不知什麼時候開始,原本豔陽高照的天空變得烏雲密佈,逐漸下起了淅淅瀝瀝的小雨,芳草萋萋,靡靡細雨潤物無聲。
東清梧撐着透明雨傘站在陸家別墅門前,還未推開那扇看起來像極了嗜血虎口的門,就已經能感到那攝入人心的寒冷,如寒冬臘月天裏被人從頭到腳澆了盆冷水般的透心涼。
她盯着那燙金的把手,猶豫着要不要去推開。
她不知道,素未謀面的陸老太爺派人把她帶來是爲了什麼?是爲了他那不盡人意的孫子,還是與陸天堯一樣,爲了讓她不將那羞恥的事說出口。
“東小姐,進去吧!”司機王叔停好車冒雨跑來,看到東清梧還站在門口不禁有些怔住,可能是姑孃家有些害羞吧,他這樣想着,伸手推開了門。

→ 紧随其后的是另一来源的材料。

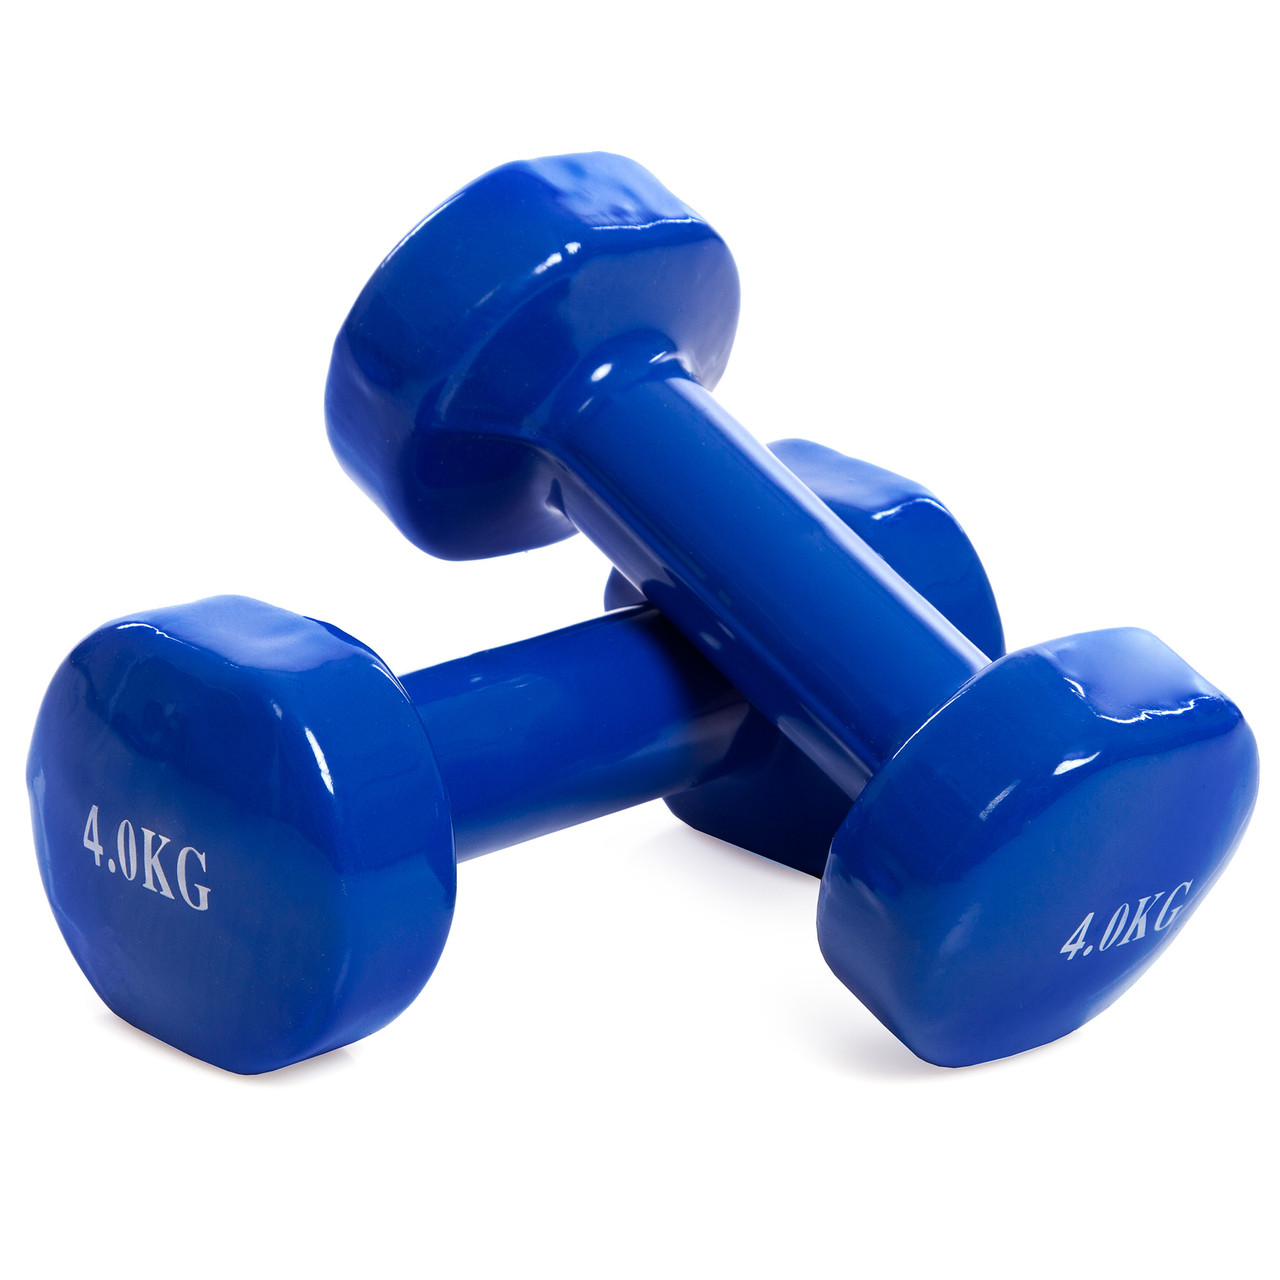 Гантели для фитнеса с виниловым покрытием SP-Planeta Радуга (2x4кг) (2шт, синий)

東清梧收起傘放在角落,略一遲疑的跟着走了進去。既來之則安之吧。
只是剛一踏進鋪着乳白色地板磚的大廳,就聽到鏗鏘有力的怒罵聲在偌大的客廳上方迴盪,她有些傻眼的看着那左手叉腰,右手握着柺杖在半空中肆意揮舞的魁梧健碩的背影,暗自猜測,這位不會就是功名赫赫,爲國家出生入死的老司令陸振遠吧?
艱難的吞嚥下唾液,真的是,跟想象中有點差距。
“老太爺”
正罵着要找軍區的人把那狗崽子的老窩給端了的陸老爺子聽到這一聲低喚,停止了怒罵轉過身,看到離去歸來的王進,斂了怒意,“哦,老王你回來了。”
王叔笑着彎了彎腰,“老太爺,東小姐來了。”
東清梧站在那裏,看到老者探究的目光,恭敬的九十度鞠躬,如墨的長髮的從兩側滑下,她語氣誠懇的說道:“陸司令,久仰大名。”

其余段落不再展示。